2022-03-04 Thread David Malcolm via Gcc-patches
PR analyzer/103521 reports that commit 
r12-5585-g132902177138c09803d639e12b1daebf2b9edddc
("analyzer: further false leak fixes due to overzealous state merging 
[PR103217]")
led to failures of gcc.dg/analyzer/pr93032-mztools.c on some targets,
where rather than reporting FILE * leaks, the analyzer would hit
complexity limits and give up.

The cause is that pr93032-mztools.c has some 'unsigned char' values that
are copied to 'char'.  On targets where 'char' defaults to being signed,
this leads to casts, whereas on targets where 'char' defaults to being
unsigned, no casts are needed.

When the casts occur, various symbolic values within the loop (the
locals 'crc', 'cpsize', and 'uncpsize') become sufficiently complex as
to hit the --param=analyzer-max-svalue-depth= limit, and are treated as
UNKNOWN, allowing the analysis of the loop to quickly terminate, with
much of this state as UNKNOWN (but retaining the FILE * information, and
thus correctly reporting the FILE * leaks).
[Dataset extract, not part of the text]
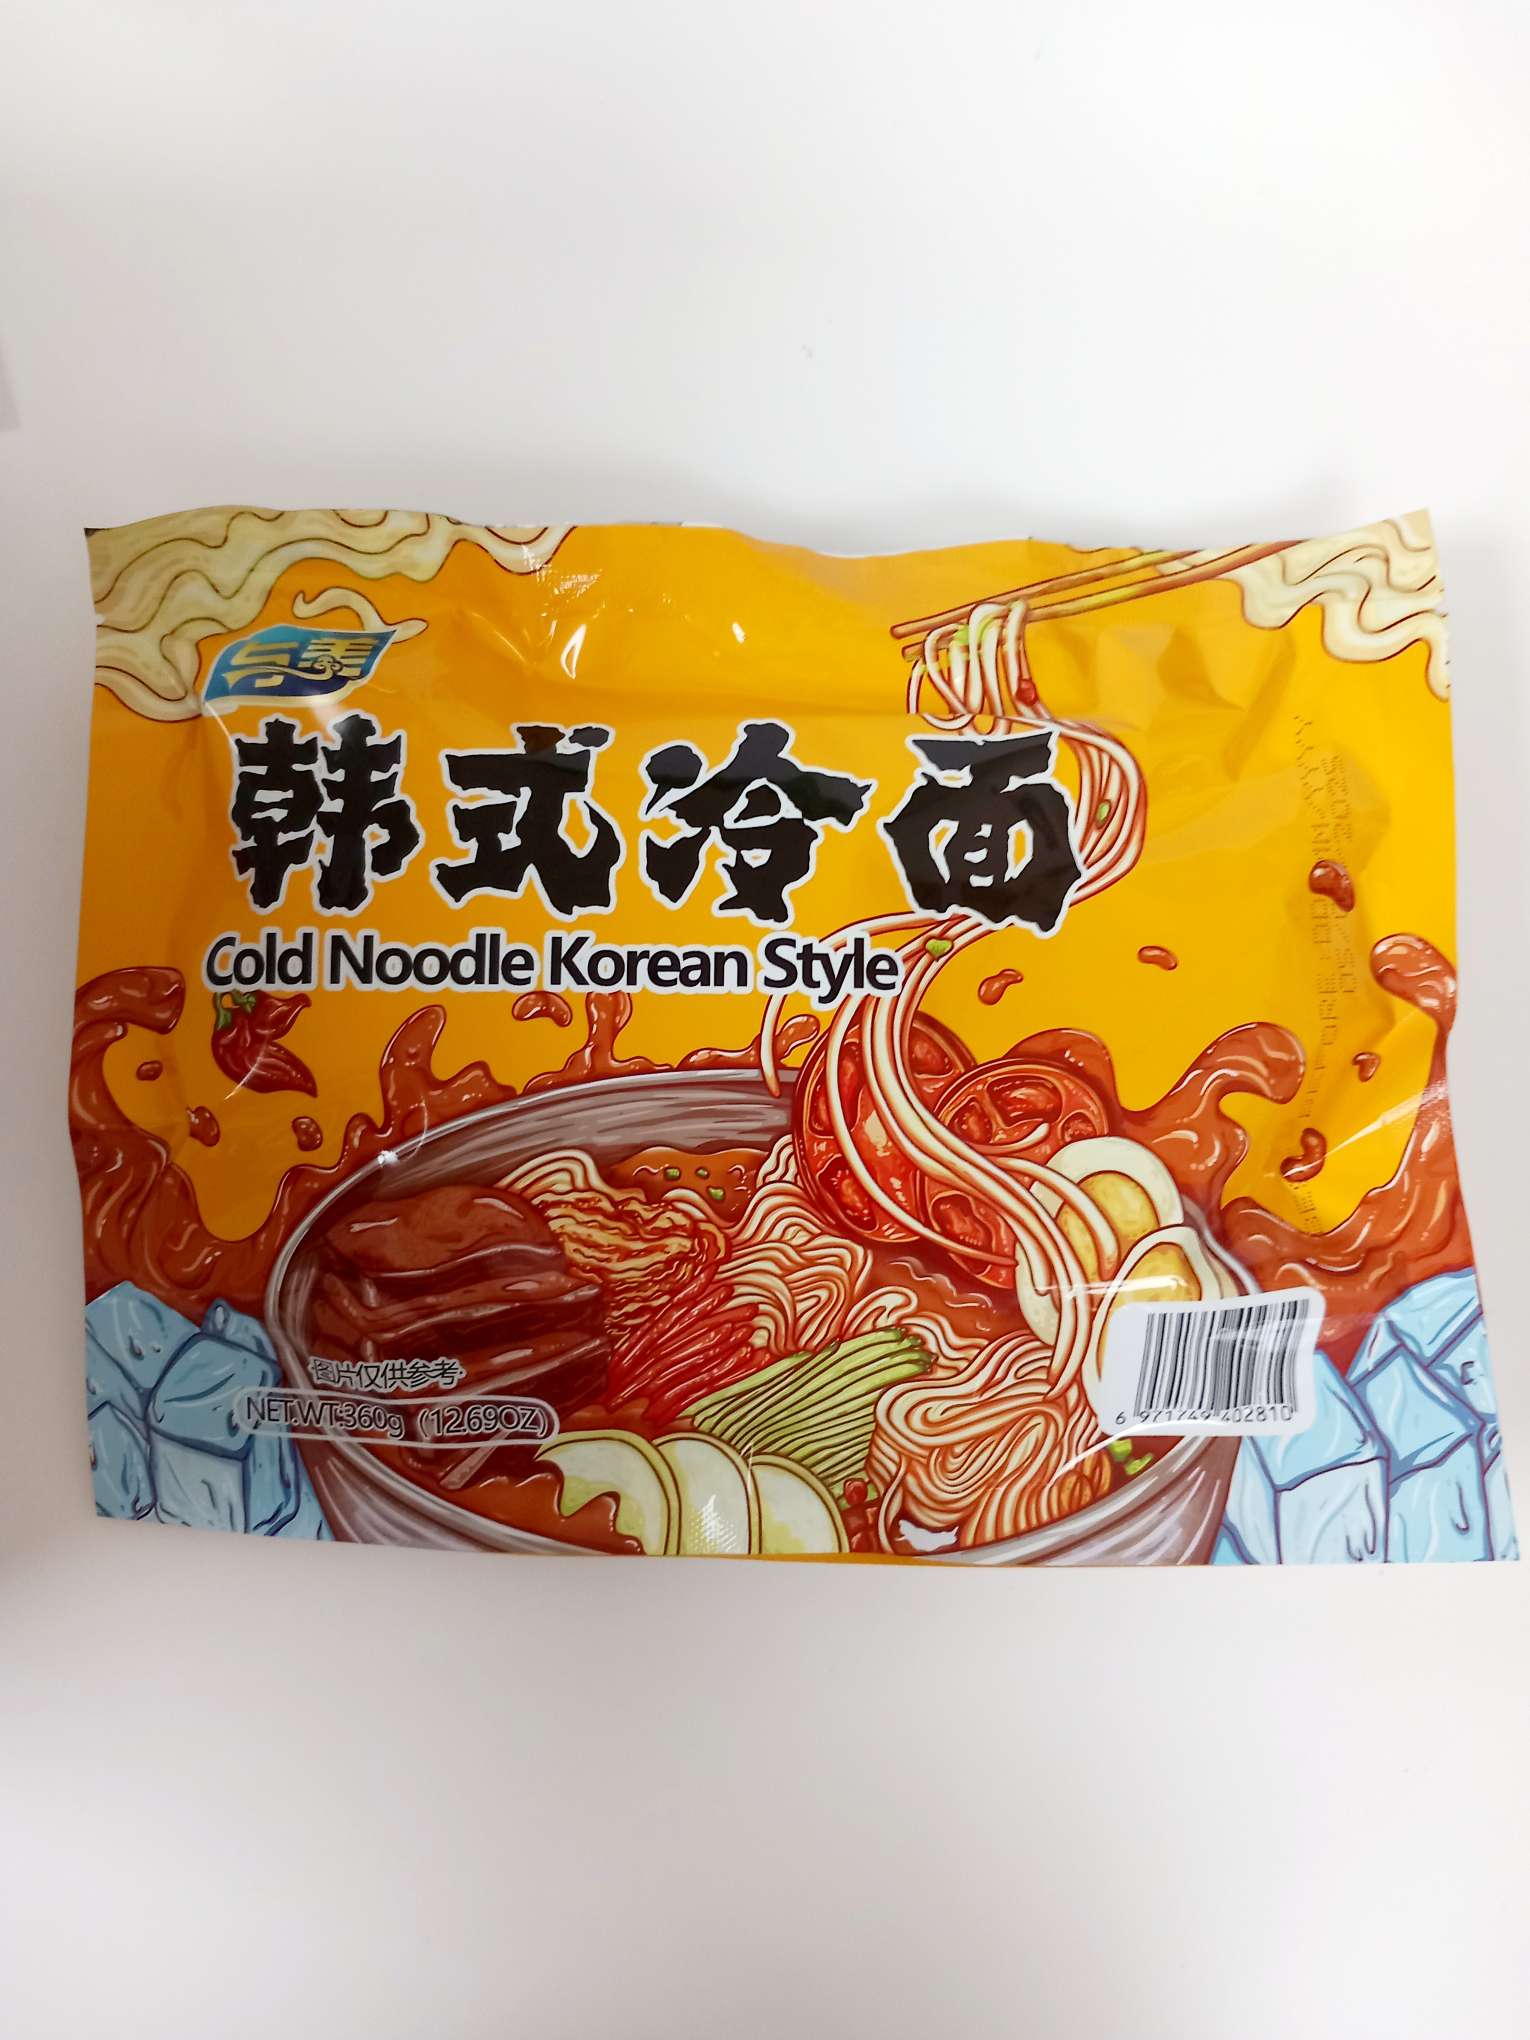 YUMEI Cold Noodle Korean Style 360g

Without the casts, the symbolic values for these variables don't quite
hit the complexity limit, and the analyzer attempts to track these
values in the loop, leading to the analyzer eventually hitting the
per-program-point limit on the number of states, and giving up on
these execution paths, thus failing to report the FILE * leaks.

This patch tweaks the default value of the param:
  --param=analyzer-max-svalue-depth=.
from 13 down to 12.  This allows the pr93032-mztools.c testcase to
succeeed with both -fsigned-char and -funsigned-char, and thus allows
this integration test to succeed on both styles of target without
requiring extra command-line flags.  The patch duplicates the test so
it runs with both -fsigned-char and -funsigned-char.
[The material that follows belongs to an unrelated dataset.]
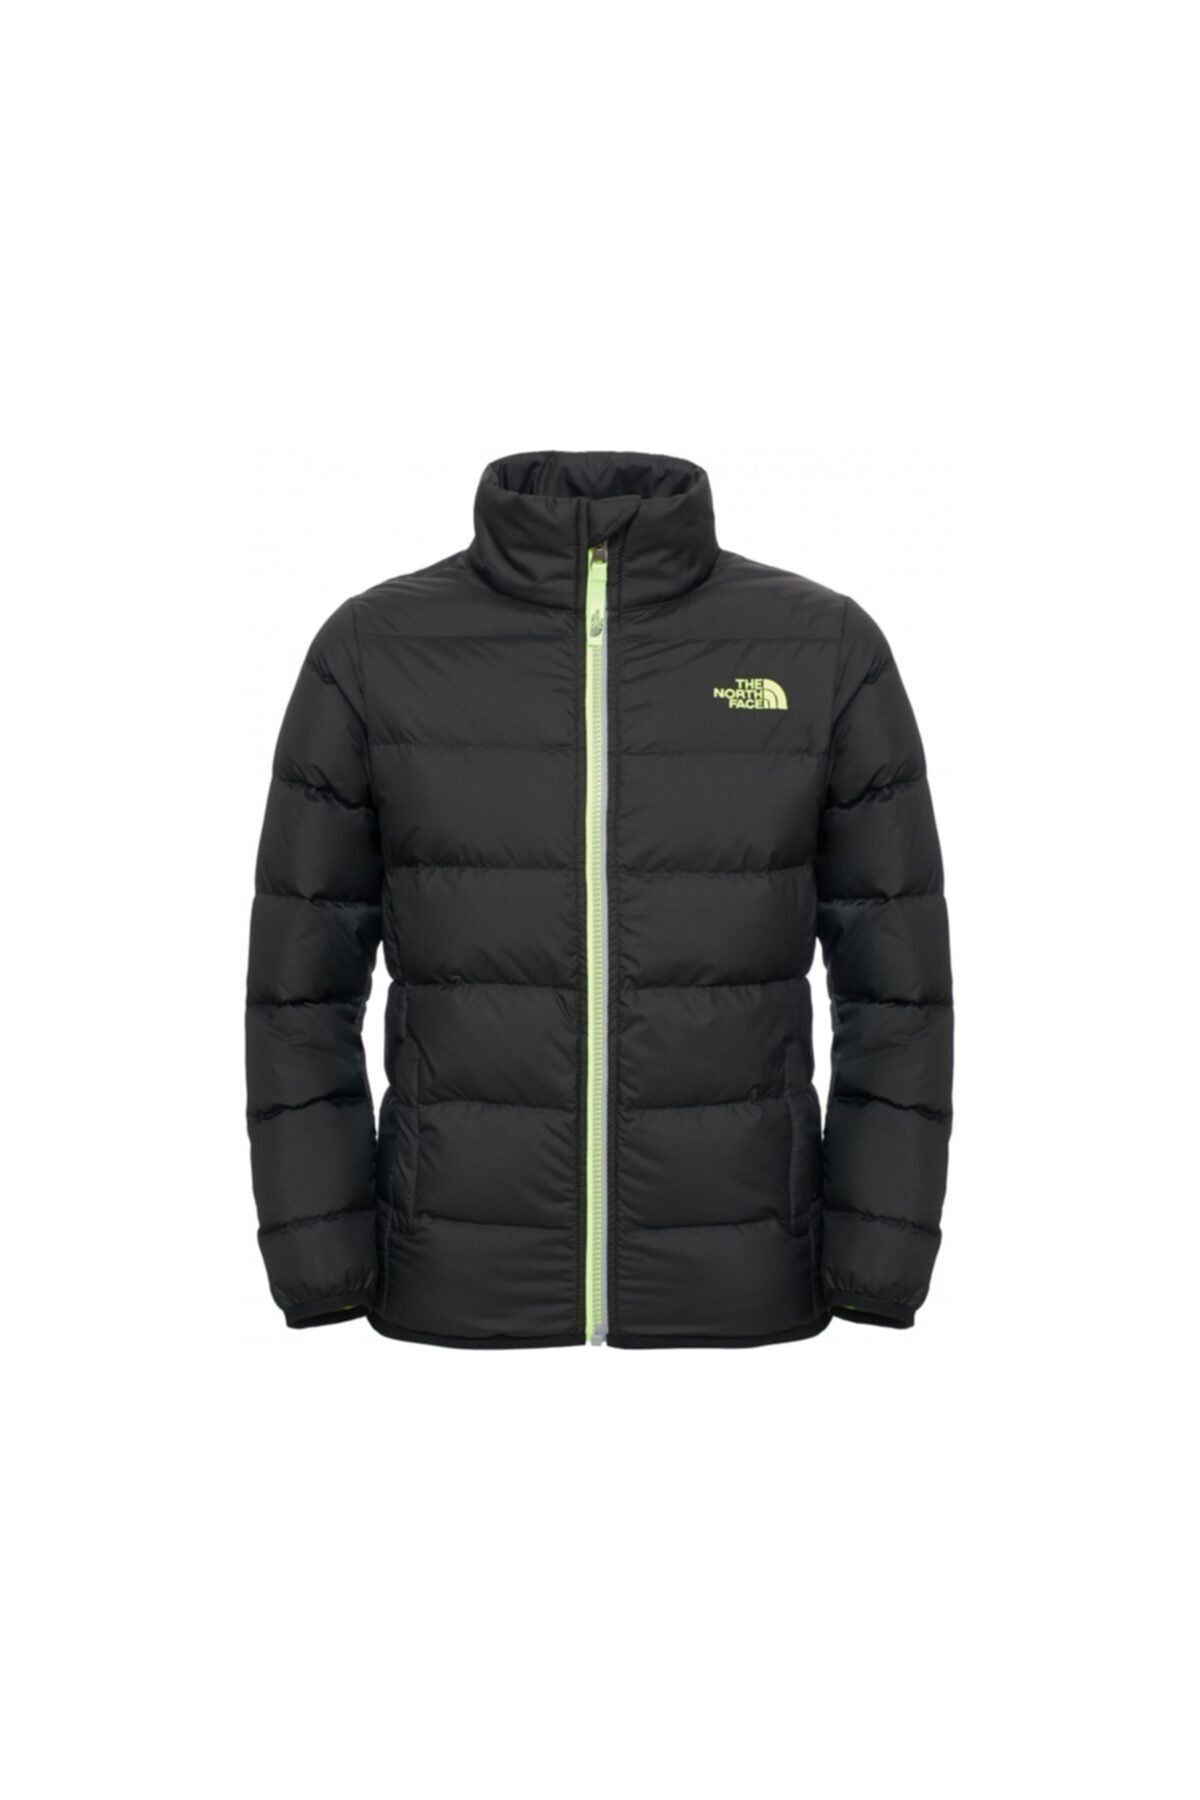 The North Face Çocuk Ceketi Siyah B Andes Jacket T0chq6ags

My hope is that this will allow similar cases to terminate loop analysis
earlier.  I tried reducing it further, but doing so caused some test
cases to regress.

The tradeoff here is between:
(a) precision of individual states in the analysis, versus
(b) maximizing code-path coverage in the analysis

I can imagine a more nuanced approach that splits the current
per-program-point hard limit into soft and hard limits: on hitting the
soft limit at a program point, go into a less precise mode for states
at that program point, in the hope that we can fully explore execution
paths beyond it without hitting the hard limit, but this seems like
GCC 13 material.

Another possible future fix might be for the analysis plan to make an
attempt to prioritize parts of the code in an enode budget, rather than
setting the same hard limit uniformly across all program points.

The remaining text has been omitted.